BUILDING A PERSON FROM SCRATCH — IN A LAB

#cloning #HumanGenome #BuildingAPersonFromScratch
A couple decades ago, there was talk of cloning, or making an exact copy of an animal, person etc. Dolly, the cloned sheep, became a household name.
Now, scientists are beginning a 10-year program that will re-create the human genome which, if successful, could lead to creating people without the help of parents.
The proposal was published June 2, 2016, in the journal Science, and was the subject of an article by New York Times reporter Andrew Pollack. Pollack’s article was republished in The Atlanta Journal-Constitution.
The idea of building people in a lab is fraught with moral considerations. The potential for huge advancements in medical science is intriguing. Still, Dr. Francis S. Collins, director of the National Institutes of Health — the main funder of medical research in the United States – said that while the NIH is interested in encouraging advances in DNA synthesis, it “has not considered the time to be right for funding a large-scale, production-oriented” project like this one, according to Pollack’s article.
Collins also said such a project immediately raises “numerous ethical and philosophical red flags,” according to Pollack’s article.
The nonprofit Center of Excellence for Engineering Biology, which will run the project, intends to get funding from several public and private sources, according to Pollack’s article.
It’s fairly easy to see the medical advancement potential here. “It might be possible to make organisms resistant to all viruses, for instance, or make pig organs suitable for transplant into people,” Pollack writes.
But to make a whole person, piece by piece, in a lab? That’s delving into areas that will challenge ethics, potentially alter population mix and a host of other things that could change mankind as we know it.
We live in a diverse world. We celebrate that diversity. We work with, and live with, nature, while allowing it to be natural. We certainly like to manufacture things that will benefit us, but manufacturing people may be beyond what we should be doing.
Instead, if we don’t like our situation, or we don’t like whom we’ve become, let’s remake ourselves without making a new person from scratch. We all have the ability to change, to become better people, without changing our DNA, or becoming artificial.

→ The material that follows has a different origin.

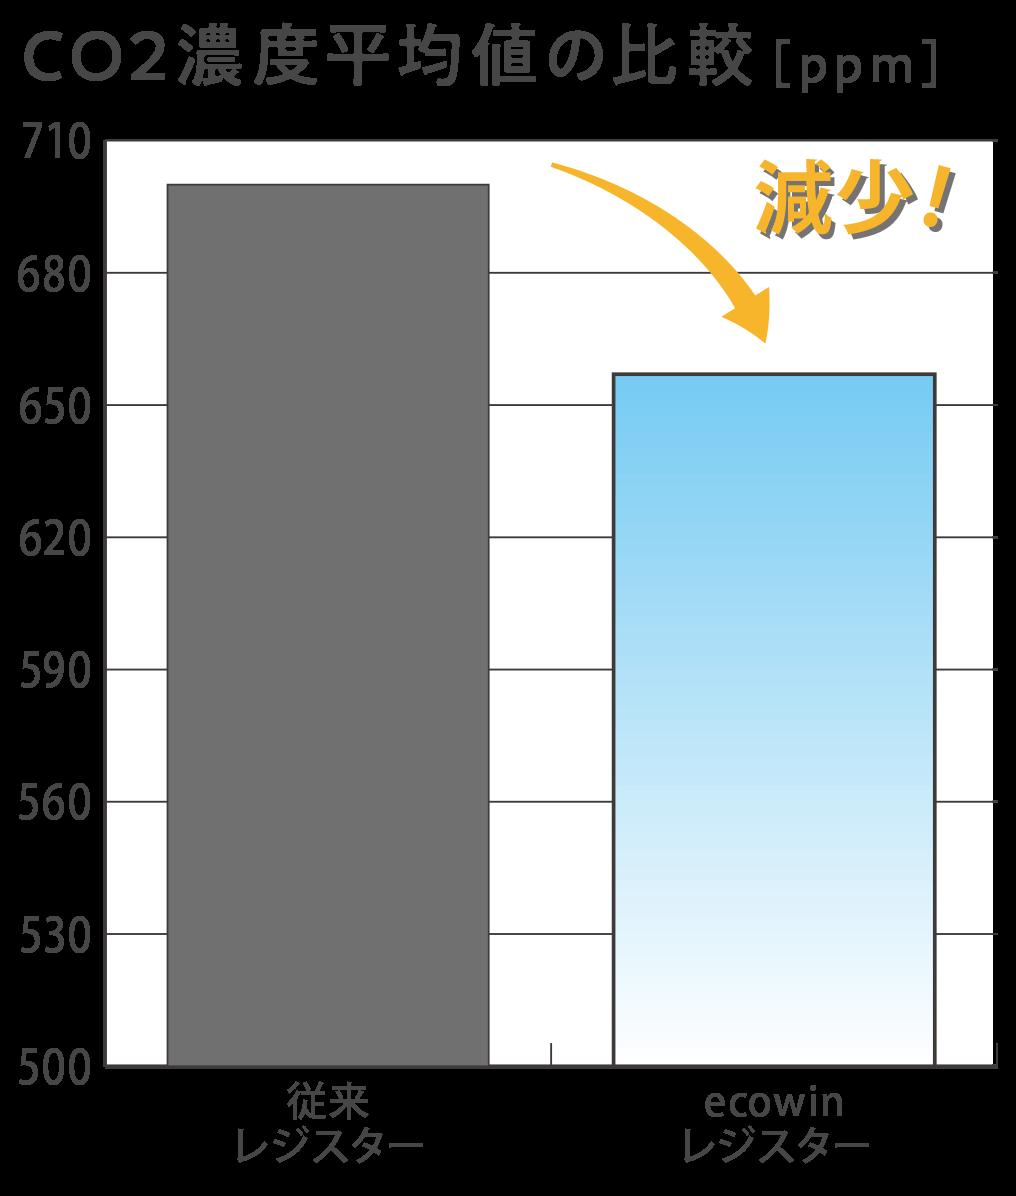 CO2濃度平均値の比較画像

One of the ways we can change is to help others more. To check out one of the best ways to do that, visit www.bign.com/pbilodeau. You can see how people helping people potentially can help make all involved prosperous.

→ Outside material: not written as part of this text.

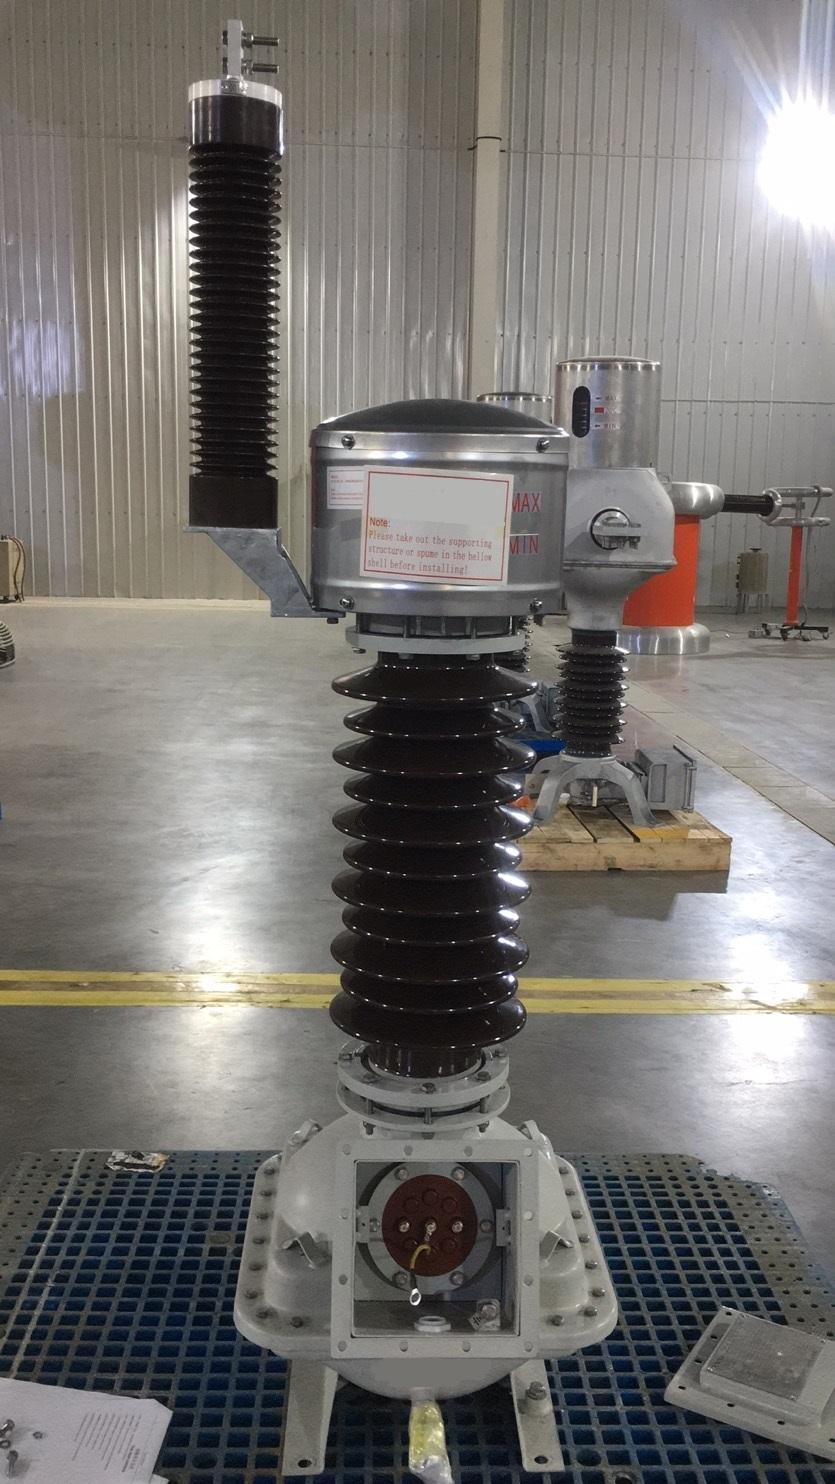 Testing a 27.5kV Voltage Transformer

There are many things we, as smart humans, can do to make the world a better place. There are diseases to fight, physical, economic and other challenges to overcome.
But creating people in labs potentially will dehumanize us as a whole. Imagine a person created in a lab being asked where he or she came from, what his or her family background is etc. Those are all things that make us who we are. How does adding to an already overpopulated world from a lab enhance the world experience?
If this project remains limited in scope, much good could come from it. The danger lies in carrying it out to its fullest potential.
Let’s hope the researchers, presuming they get the funding to do this, will be mindful of all ramifications of their research as they conduct it. Just because something CAN be done, doesn’t mean it SHOULD be done.